Winston Churchill’s hobby of painting, which he likened to politics, is a perfect example [of deep play]. He said that painting was like politics because it requires a clear vision, decisiveness, and an ability to marshal resources in the right way. Once you start, you must see the project through. These are things he liked about political life that he also experienced while painting.

But when he was painting, he didn’t have the Labour Party looking over his shoulder saying, “That cow is too big and the sky is the wrong shade of blue.” Painting offered many of the rewards he found in political life without any of the drawbacks, and in a very different kind of medium, which is another important feature of deep play.

EL | How can companies help their workers prioritize rest?   
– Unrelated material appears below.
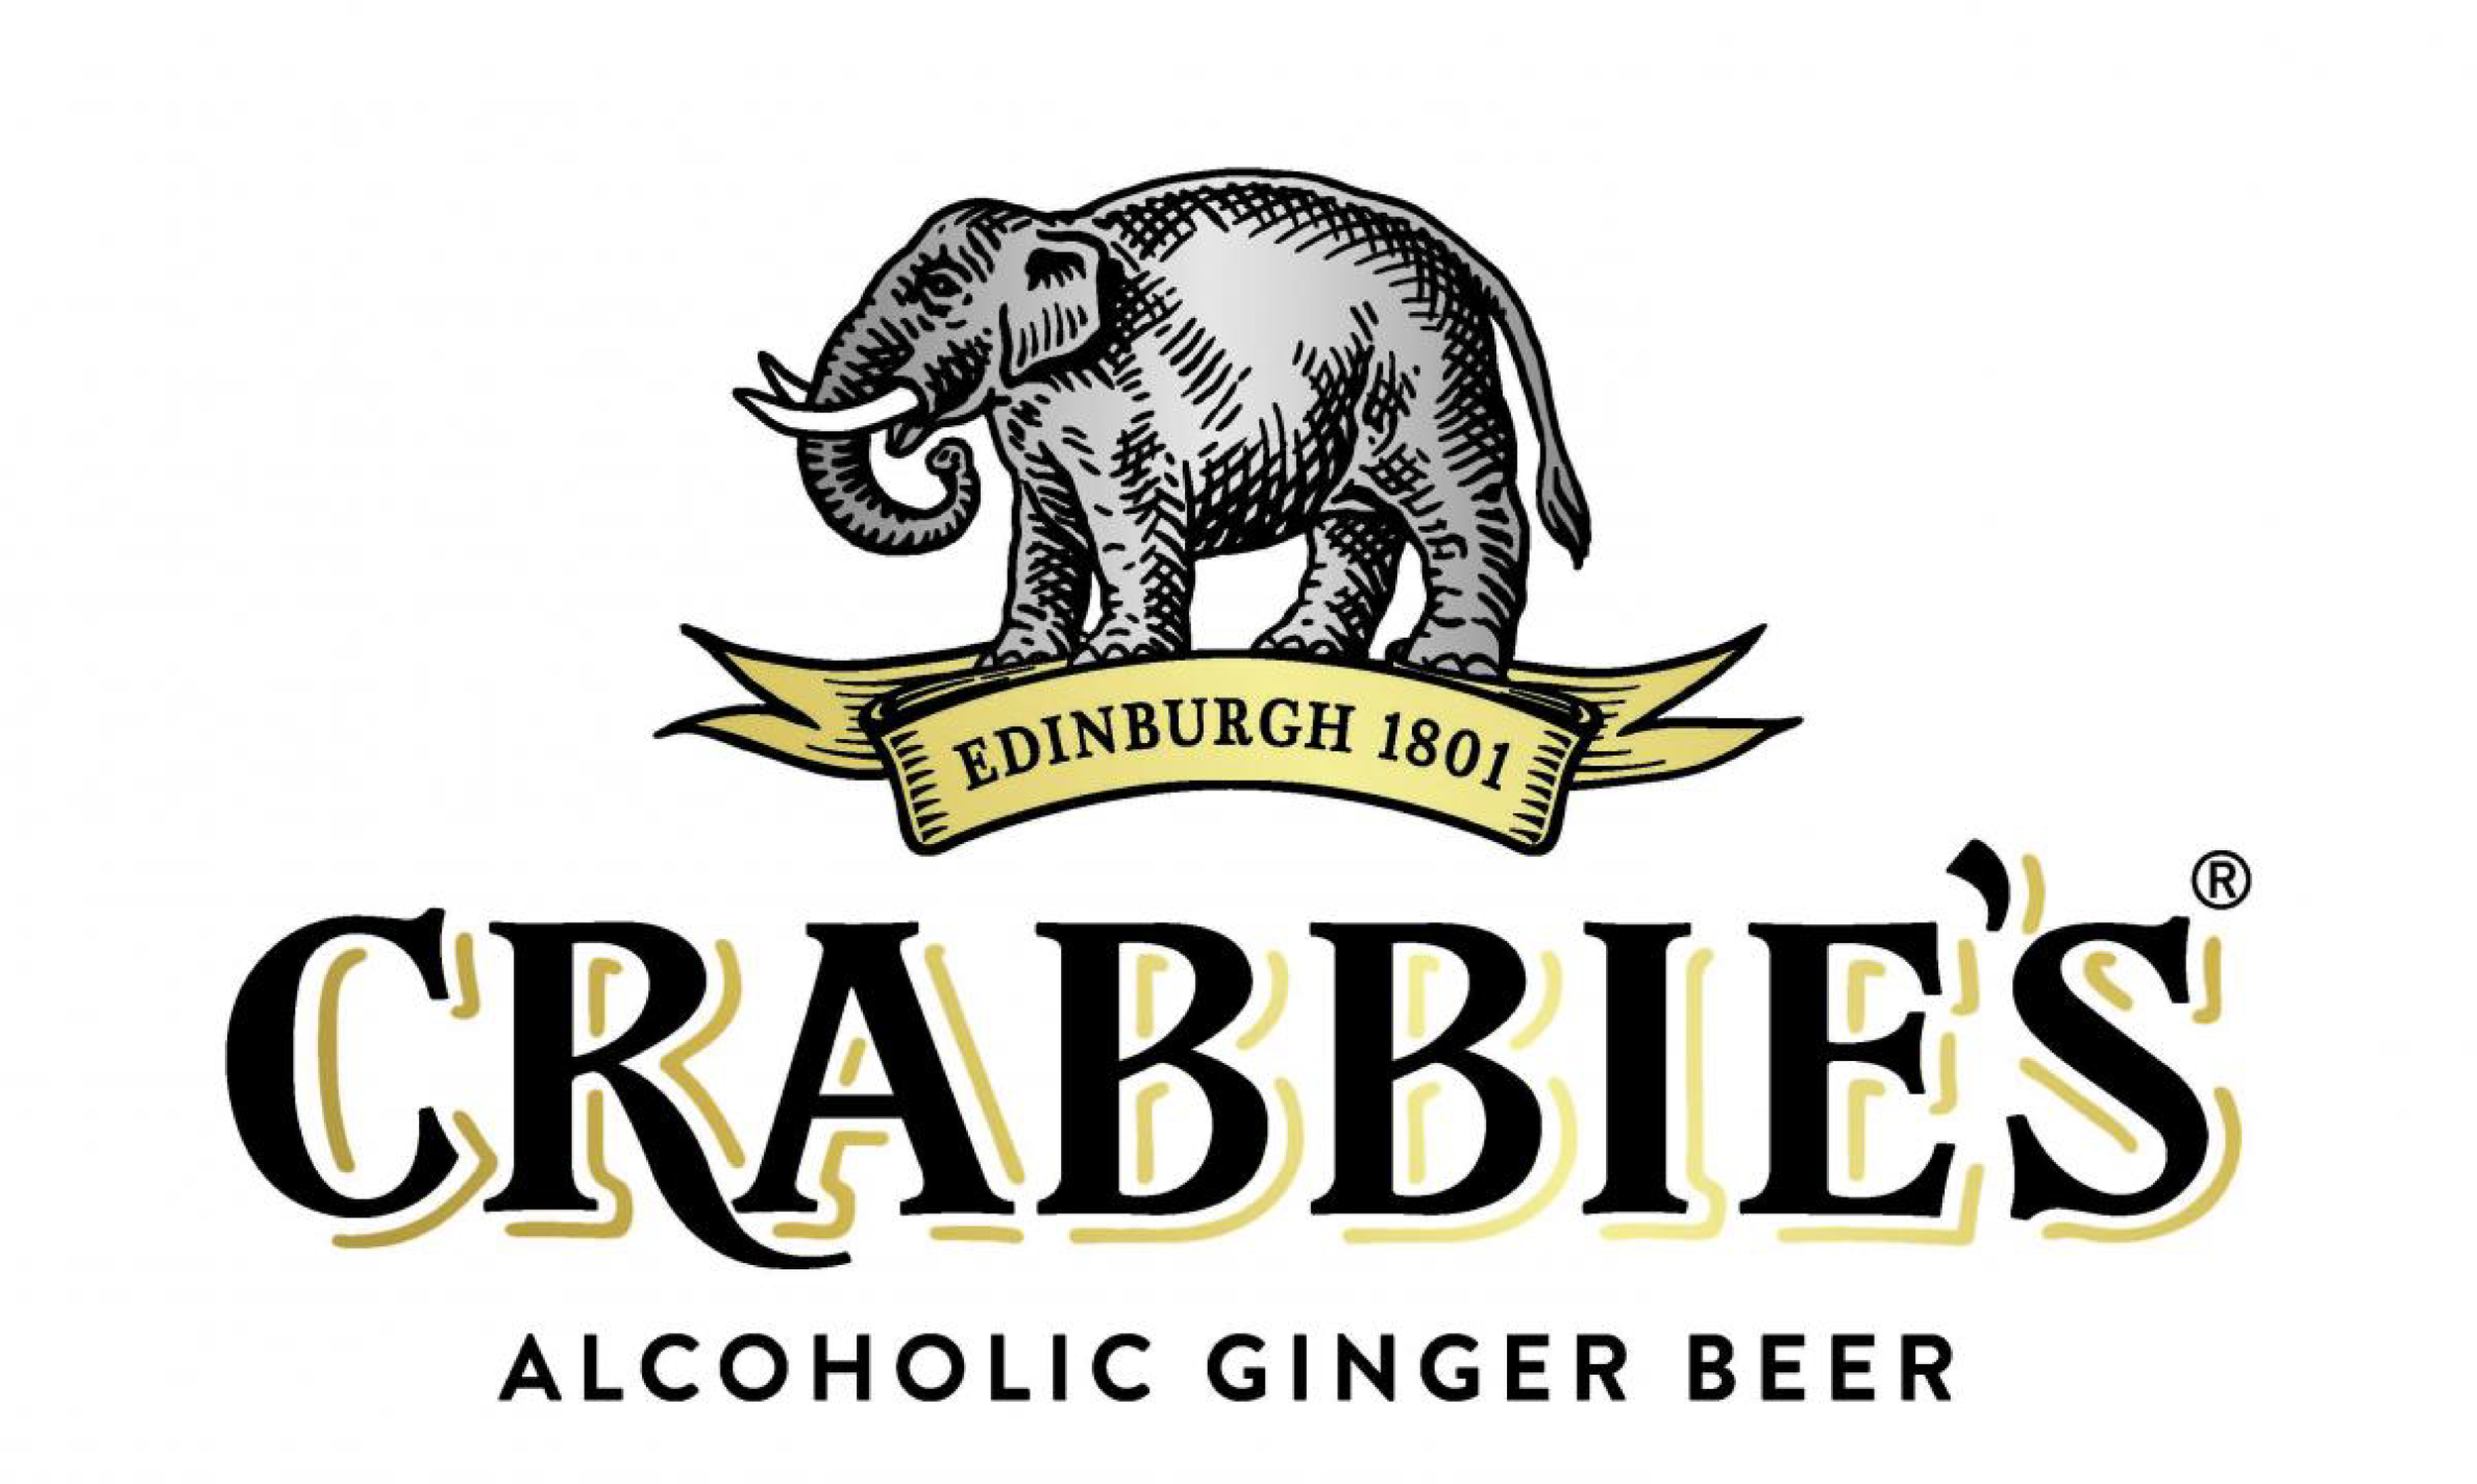 Crabbies logo. Links to Crabbies website.

ASKP | There are some great examples happening today. Volkswagen turns off its email servers after work hours, so employees can’t check their email at night. Some companies are experimenting with shortening the workday to five or six hours. Others are changing around internal processes so meetings are 10 minutes long rather than an hour, or they set aside times of the day when people can be offline and focus solely on their work without interruption.

EL | How has writing this book affected your life?

ASKP | I’m more serious about exercise and more likely to take a nap in the afternoon. But the biggest changes are in the way I organize my time and how I think about creativity.

In college and grad school, I’d start writing at about 9 p.m. and assume that, with the right combination of sugar and caffeine, I’d get in the zone, drive forward, and knock off at 5 a.m.

When I was writing The Distraction Addiction, I had two kids and a regular job, so I’d get up at 5 a.m. to write. I noticed I had no distractions and no desire to check social media. Since it was a challenge to get up, I vowed to get something done.

I’ve discovered that having a routine is important. I used to assume that you get inspired and then you write, but people like Stephen King flipped the equation. He writes for a certain amount of time every day and he gets inspired based on the output.

The result for me is that in the last five years I’ve managed to write two books while holding down a job as a technology forecaster and consultant. I spend fewer hours every day writing, but I’m doing more and better work.